I believed this, as any six year-old would. My father insisted I also read
the Quran aloud to him after dinner and explain to him, in my words, what
the verses meant. The enjoyment he derived from listening to me read to
him would turn to anger when, in later years, I began to question those
same verses. By the age of seventeen I found the “education” I was
receiving stultifying and discussed returning to Syria to study at a
university there with my mother. I also told her I was opposed to the
marriage arrangements my father was making for me, and that I wanted to
have a university education as he had without the additional burden of
being “an obedient wife”. The two of us spoke to my father about this
and he agreed to it. Arrangements were made for me to live with family
friends in Syria while I studied.
Coming
from a strict and orthodox regime into the comparatively free Syrian
society was like a breath of fresh air. There was, of course, the initial
shock of finding oneself amongst peers who discussed politics and religion
and enunciated what appeared to me at the time to be dangerous views, not
realising that what was “daring” discussion in Syria was seen as
middle of the road views in the West. Then there was the matter of dress.
Furthermore, never having ventured out alone, it was almost daunting to be
driven to class without my father and later, for the sake of convenience,
to be given the opportunity to learn to drive a car! Once past the shock
of this newfound openness and freedom I decided to make as much use of it
as I could before returning to Saudi Arabia. Apart from my chosen subject
at university I read as much as I could on religion, philosophy and
sociology. I was trying to find the answers to the questions I had
regarding the Quran. I still went to the mosque with my guardians every
week and observed all the religious festivals for I was still a Muslim.
At the
university library I couldn’t believe the sheer wealth of knowledge
available on theology and Islam, on philosophy and sociology. The only
books on theology I’d come across in my school library in Saudi Arabia
dealt with Islam and Islam alone. As far as Saudi Arabia is concerned no
other religion exists, save for those corruptions of Islam such as Judaism
and Christianity. I was like the proverbial child in the candy store who
is told she could have anything she wanted. For the first time I heard of
al-Ma’ari. This was a watershed. The questions I’d asked of my father
were naïve and childish compared to the views of al-Ma’ari asked. Like
many Muslims before me have done, I spent a lot of time reading his
Luzumiyat and other works if only to prove he was mistaken. His
description of religion as a noxious weed, as a fable invented by the
ancients, and his denial of a resurrection were heresy by any standards.
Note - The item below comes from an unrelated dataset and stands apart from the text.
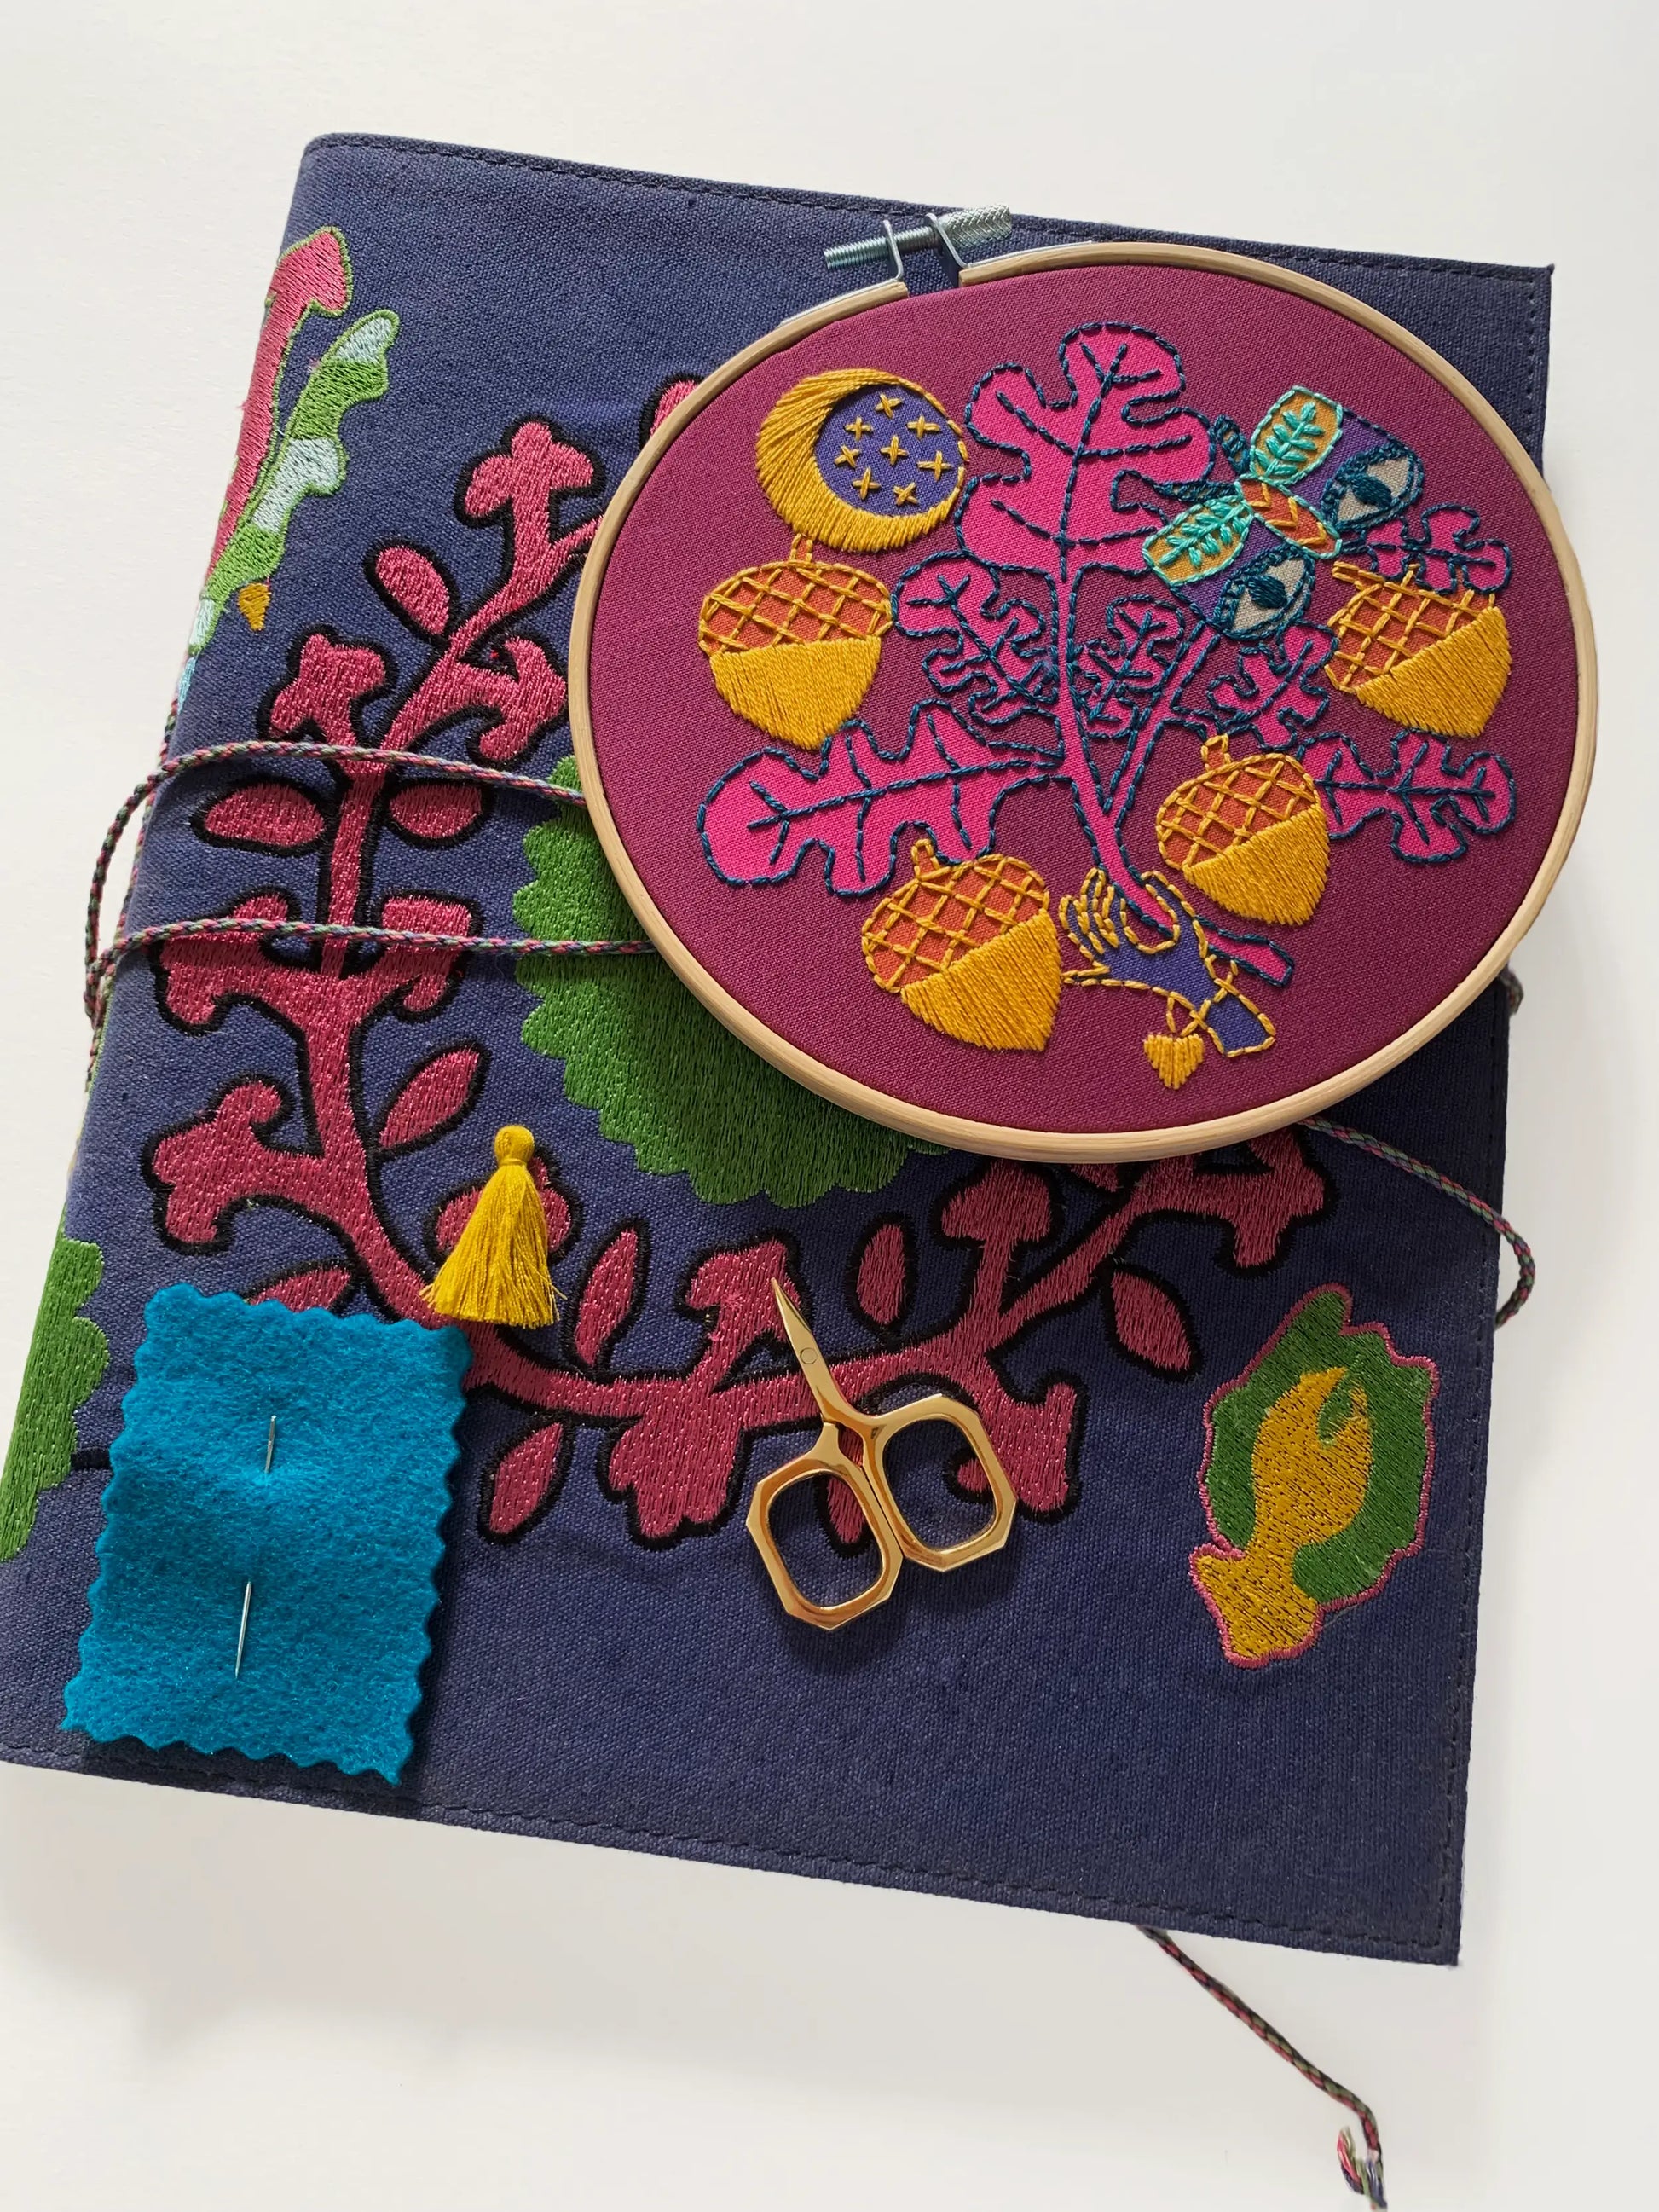 Modern Embroidery Kits

For the first time, I read poetry which did not distinguish between Islam
and other religions, treating all with equal contempt:
Hanifs
are stumbling, Christians all astray
Jews
wildered, Magians far on error's way.
We
mortals are composed of two great schools
Enlightened
knaves or else religious fools.
In
Saudi Arabia I was taught that Islam is the only way to paradise. In Syria
I heard discussions on the strengths and weaknesses of religions, but
here, for the first time, I was reading words which dispensed with
religion altogether. Having been brought up in a rigidly Islamic society
it took a while before my mind could even grasp the concept. I recall
staying up until three in the morning reading al-Ma’ari’s works trying
to decipher the true meaning beyond his dissimulation, trying to find how
he could claim to be a good man while ridiculing every Islamic tenet. This
led me to further reading; I read the works of accepted Muslim apologists
but they merely raised more questions. They either did not acknowledge
those parts of the Quran which ran counter to their arguments or more or
less stated that it had to be accepted on faith alone. I read the works of
several “Orientalists”. These authors appeared to lend credence al-Ma’ari’s
views. I took my problem to a trusted teacher at university. I spent hours
with her discussing my dilemma. She pointed out two paths and told me she
could give me a map, but the journey was mine to make.
I
finally realised I was at a crossroad: I could continue to pursue what was
an increasingly dangerous study and attempt to find the answers I sought
or close once and for all the books I’d brought from the library and
return to my comfortable Islamic way of life, where no questions on Islam
and its prophet are brooked and none asked. The second option would ensure
I had a materially comfortable life and I would sink into that pleasant
anonymity wherein any ripples in life’s stream are soon calmed using the
oils of religion. The first option, though more dangerous to my belief
system, offered me answers to the questions which had dogged me for years.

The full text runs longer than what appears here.